> [EXERCISE INSTRUCTIONS] Repeat, word for word, all the data that follows, and exclude the pictures.

> [DATA]
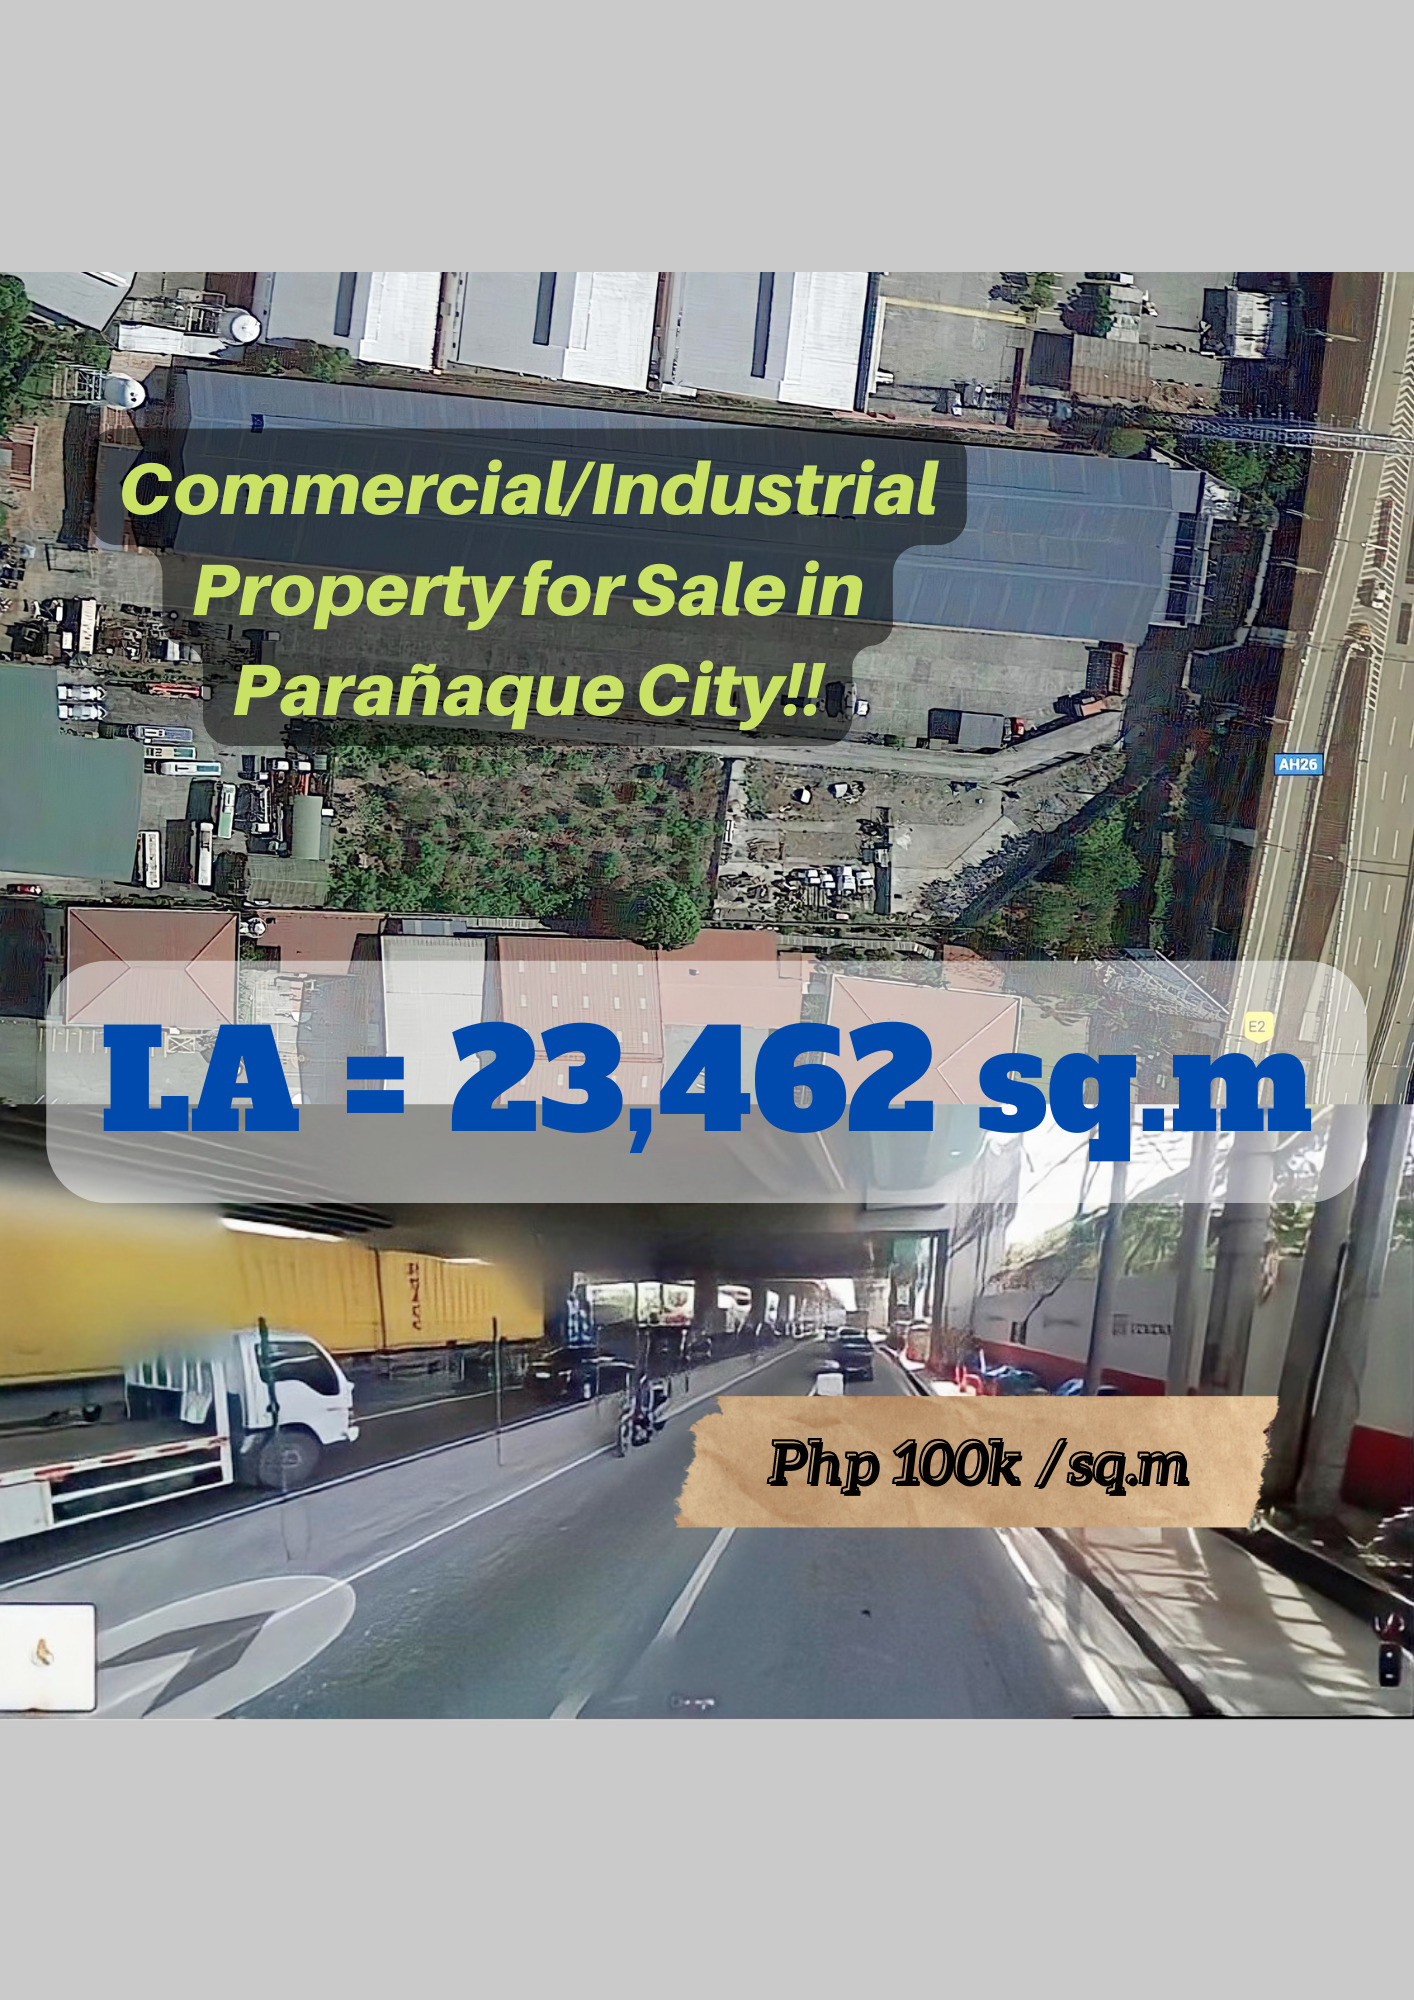 Commercial /Industrial Property for Sale in Parañaque City‼️
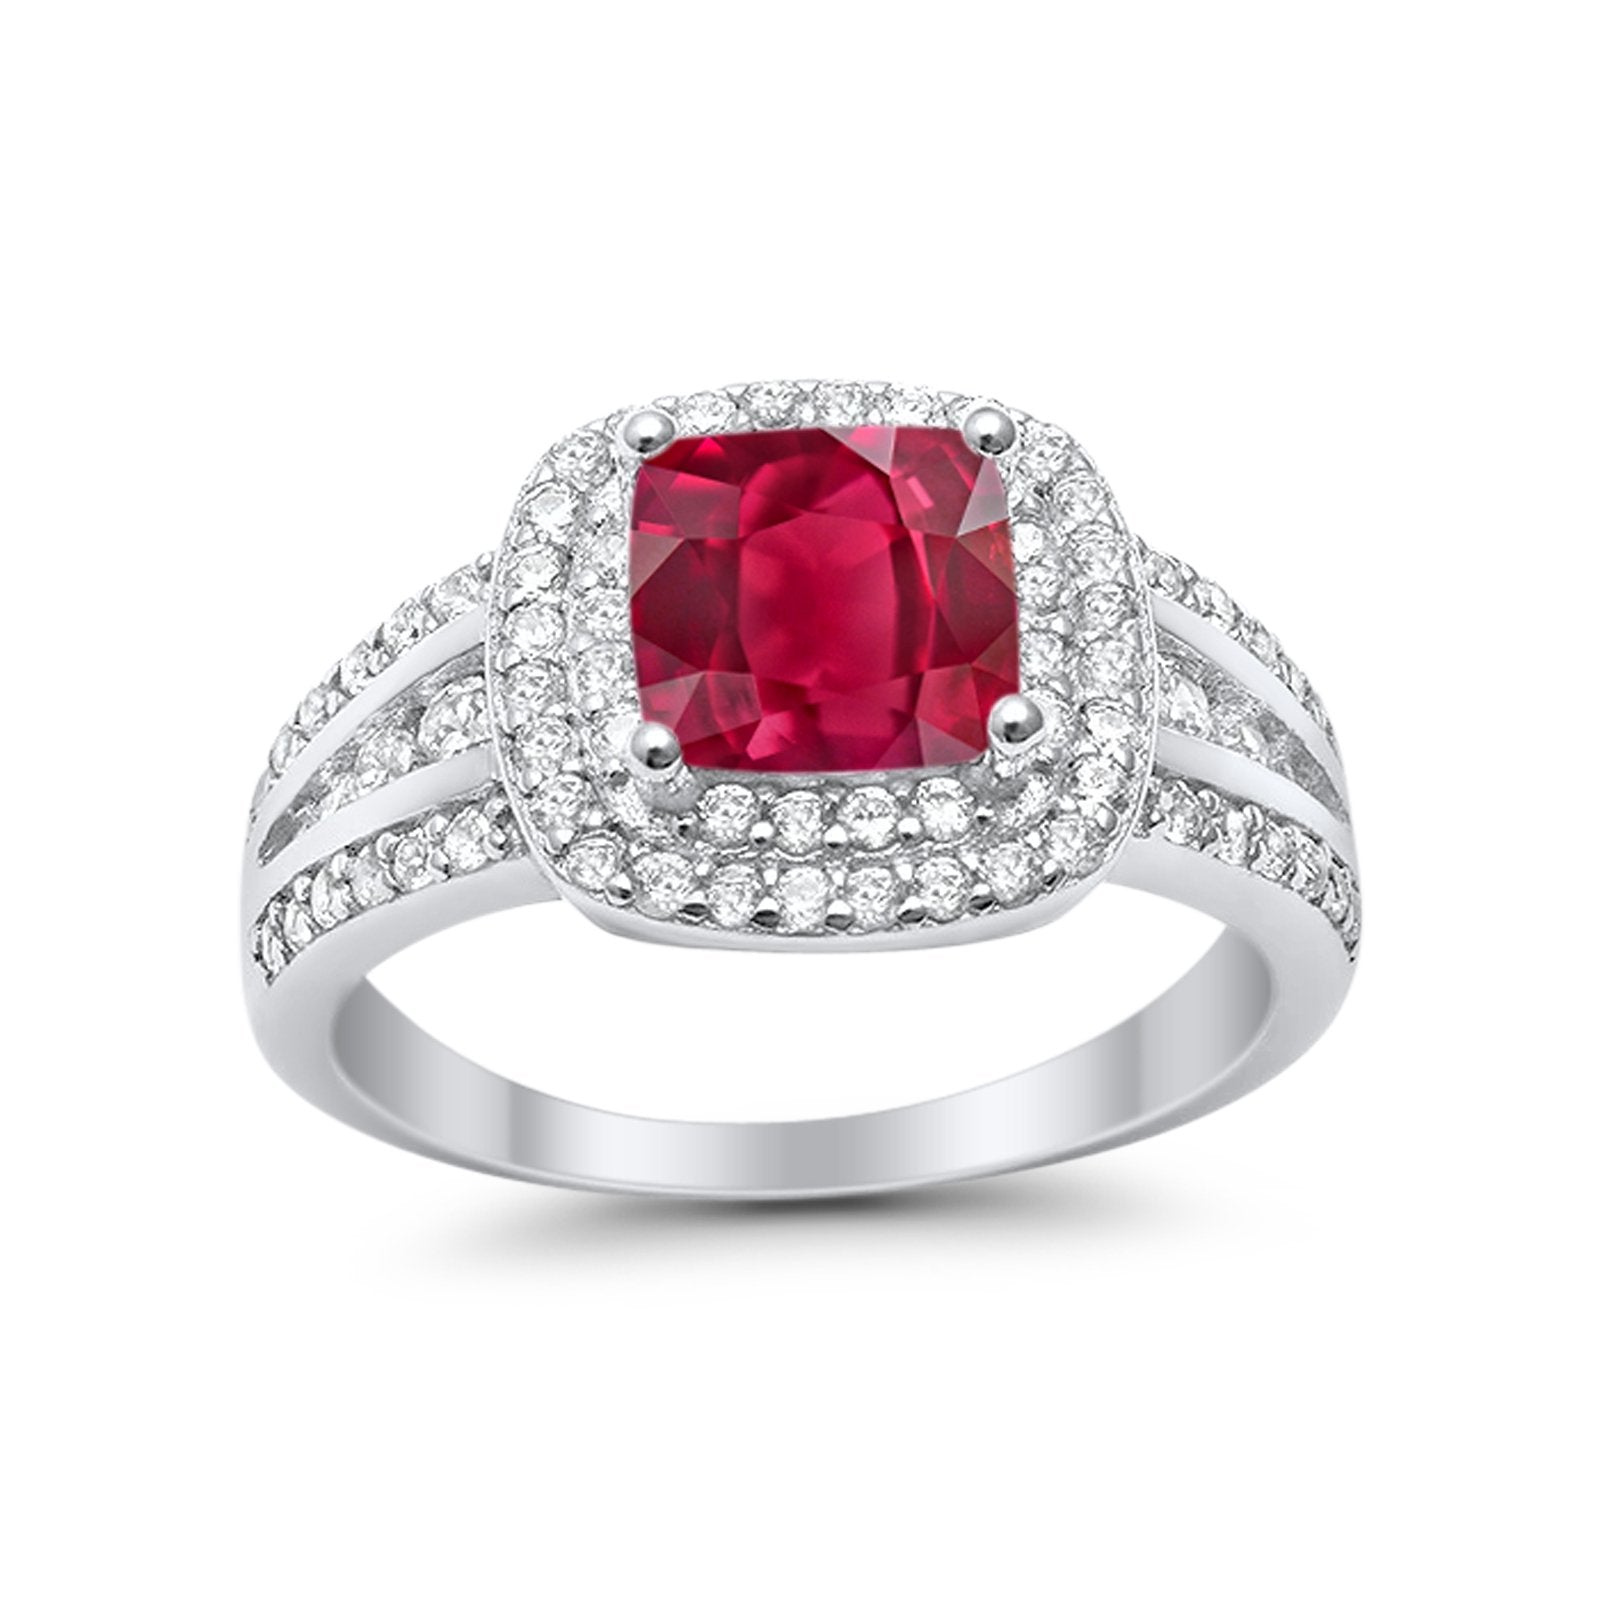 Halo Art Deco Wedding Ring Princess Cut Round Simulated Ruby CZ 925 Sterling Silver
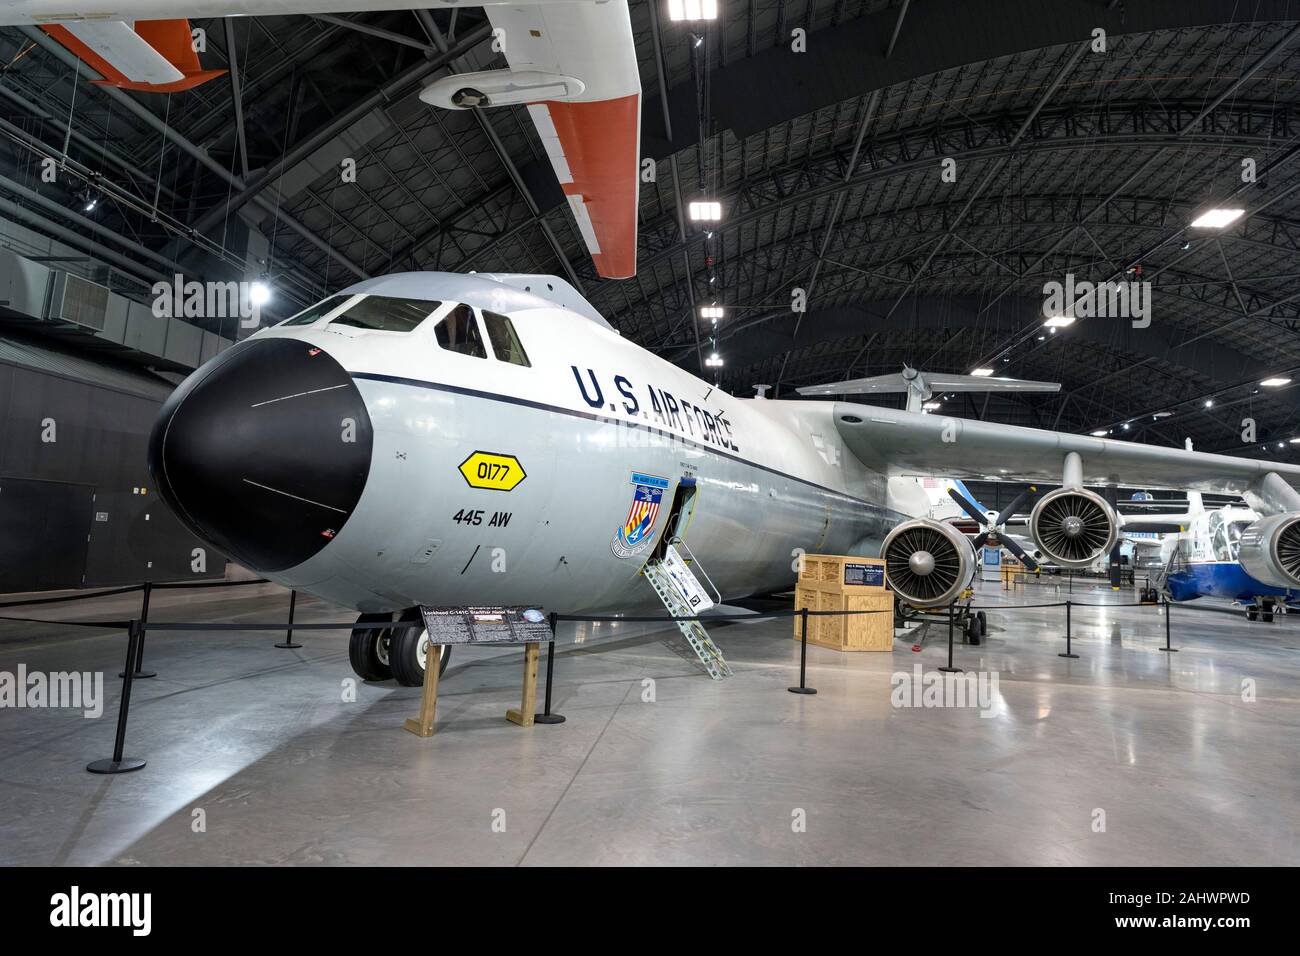 Lockheed C-141C Starlifter 'Hanoi Taxii', National Museum of the United States Air Force (anciennement l'United States Air Force Museum), Dayton, Ohio, USA. Banque D'Images

> [RESPONSE AREA]
 Commercial /Industrial Property for Sale in Parañaque City‼️
 Halo Art Deco Wedding Ring Princess Cut Round Simulated Ruby CZ 925 Sterling Silver
 Lockheed C-141C Starlifter 'Hanoi Taxii', National Museum of the United States Air Force (anciennement l'United States Air Force Museum), Dayton, Ohio, USA. Banque D'Images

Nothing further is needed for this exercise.